Mistletoe gets its name from the ancient belief that it arose from bird droppings. This belief was related to the widely accepted idea that life could spring spontaneously from dung. It was observed in ancient times that mistletoe would often appear on a branch or twig where birds had left droppings, which was in fact true, since birds do eat the berries and then distribute the seeds in the natural way (in fact, the only way the European mistletoe seed will germinate is after it has passed through the digestive system of a bird). “Mistel” is the Anglo-Saxon word for “dung,” and “tan” is the word for “twig.” Over time, “tan” became “toe.” So, the word mistletoe literally means “dung-on-a-twig.” From the earliest times, mistletoe was considered a bestower of life and fertility.

In the days before Christianity, both holly and mistletoe were thought to be charmed, due to the fact that they remained green when all the deciduous plants had dropped their leaves. In fact, they were considered to be the dwellings of the friendly spirits that inhabited the forests. People gathered these branches and brought them into their homes, both as a means of protecting the spirits of nature from the cold winter climate, as well as a way to bless their own houses.
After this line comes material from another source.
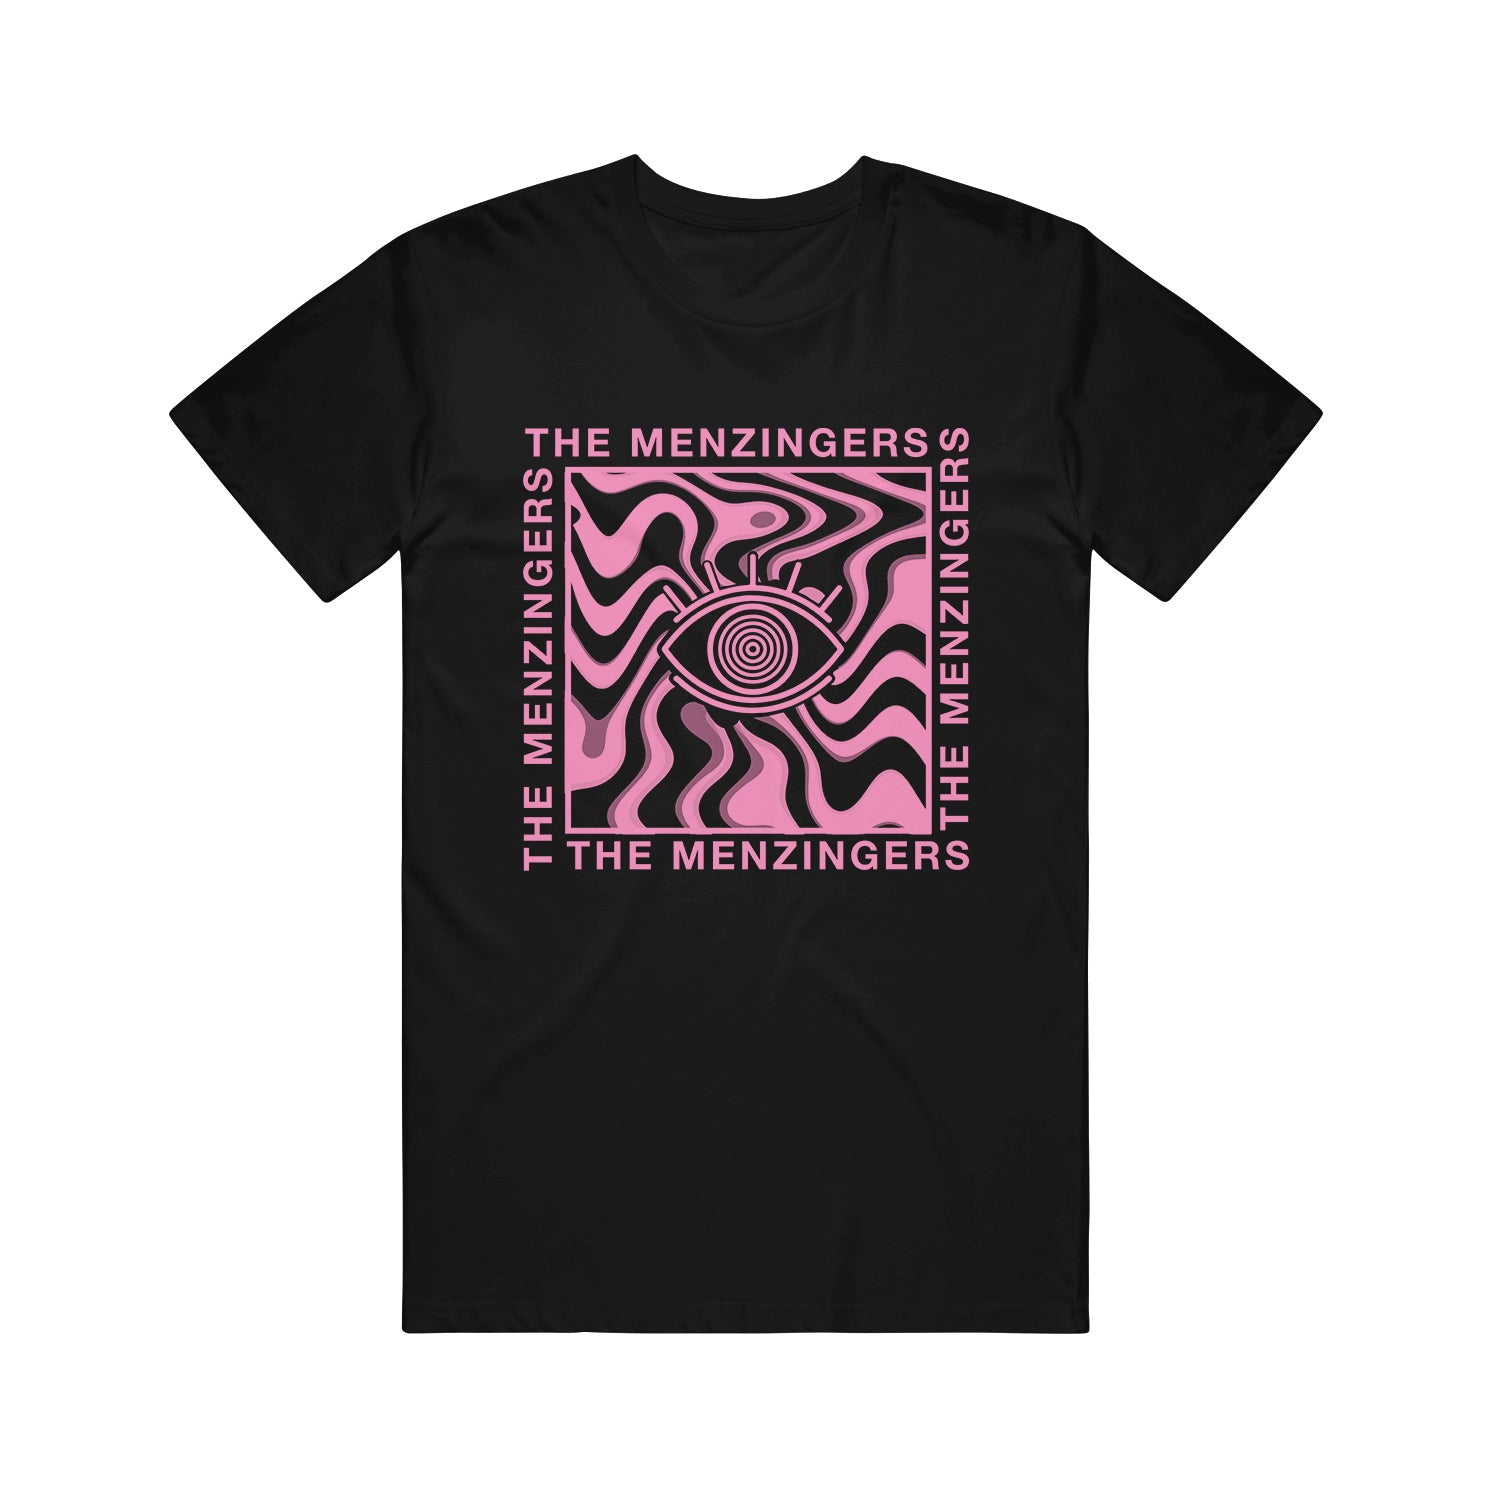 image of a black tee shirt on a white background. tee has a full center chest print in pink of a square with an eye ball in the center and wavy pattern around it. on the outside of the square on each side says the menzingers

In fact, the sharp and prickly leaves of holly branches hung over a doorway were thought to dissuade evil spirits from entering the house and to keep witches away.

MistletoeTo the Druids, who were the high priests of the ancient pagan religions, the oak tree was sacred, and any mistletoe that was found growing in an oak tree was doubly sacred. During the winter solstice festival of Saturnalia (in honor of Saturn, the Roman god of agriculture), mistletoe was ceremonially harvested from the oak trees with a golden sickle, amid prayers that the recipients of the mistletoe would prosper. Embracing or kissing under the mistletoe was first associated with the Saturnalia festival as a sign of peace and that all bad feelings of the past year were forgiven. Later it became associated with marriage ceremonies as a sign of fertility.
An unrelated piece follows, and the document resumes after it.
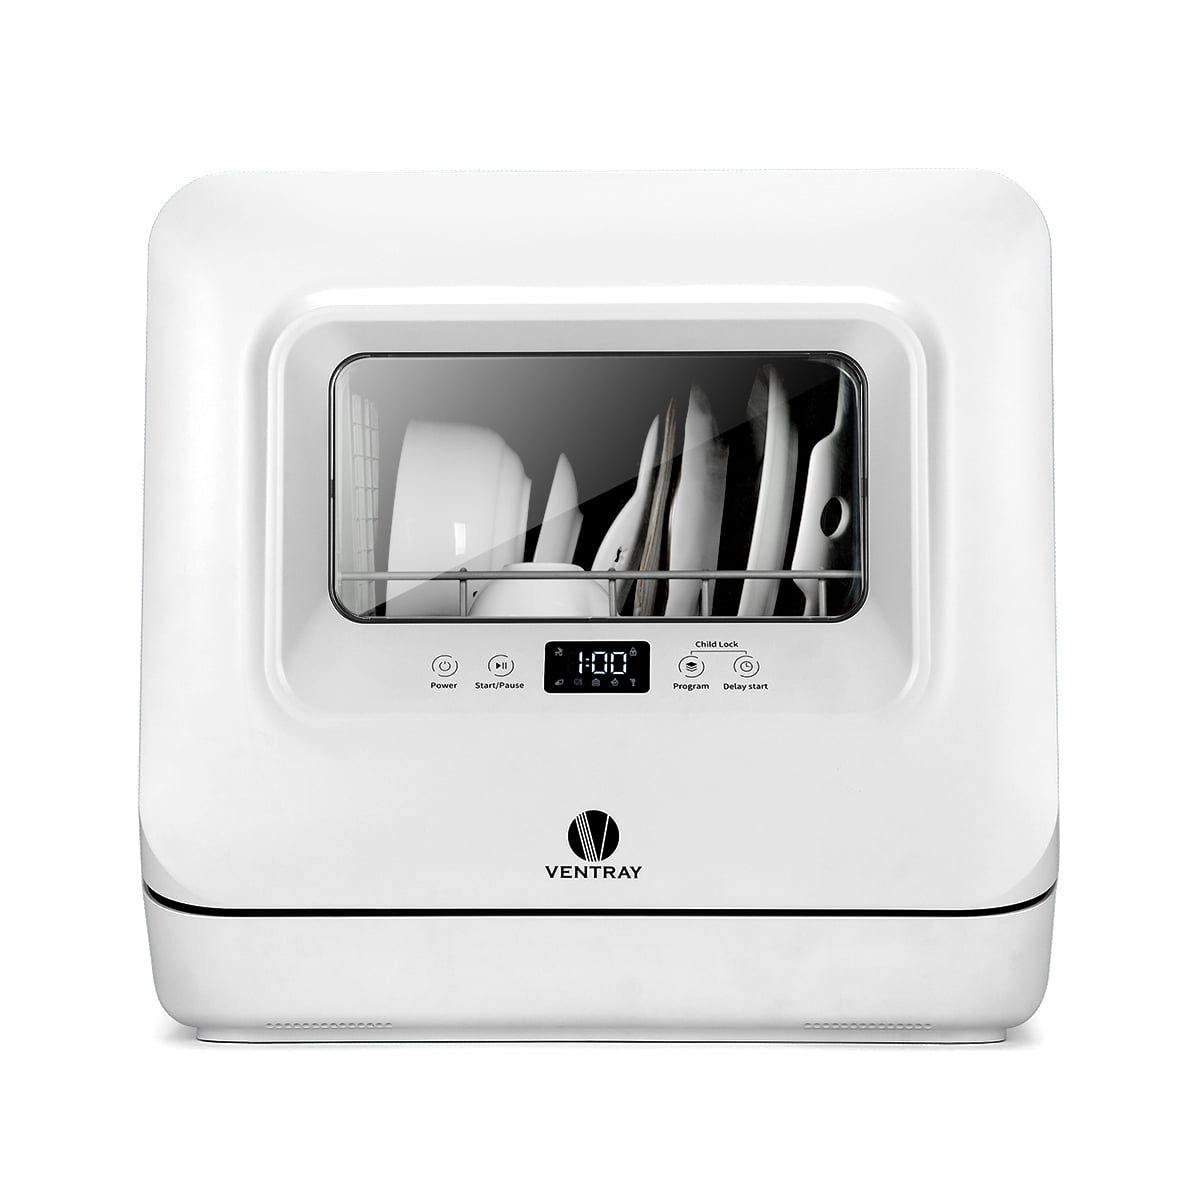 VENTRAY DW50 Portable Countertop Dishwashers，Compact Dishwasher

As Christianity spread, the ancient traditions and the familiar customs of the pagan festivals were incorporated into the Christmas celebrations. This happened in part because Christianity was outlawed during various times in its history, and to be able to celebrate unnoticed and unmolested, early Christians moved the observance of Jesus’ birth to coincide inconspicuously with the Saturnalia festival.

Today, many centuries later, the tradition of decorating our homes with evergreens during the Christmas season continues. These modern day boughs of holly and garlands of pine are just as likely to be artificial as fresh, but the festive custom remains. No longer do we have to go out to the woods to harvest our own evergreens since most flower shops carry a full selection of both fresh and permanent greenery. If you’d rather let someone else deck your halls, many florists also offer professional on-site decorating services during the holiday season. Be sure to call early to schedule an appointment. And, while we may no longer believe that holly branches and mistletoe are the dwellings of forest spirits, they certainly do a lot to lift our own spirits during the holidays. ‘Tis the season to be jolly!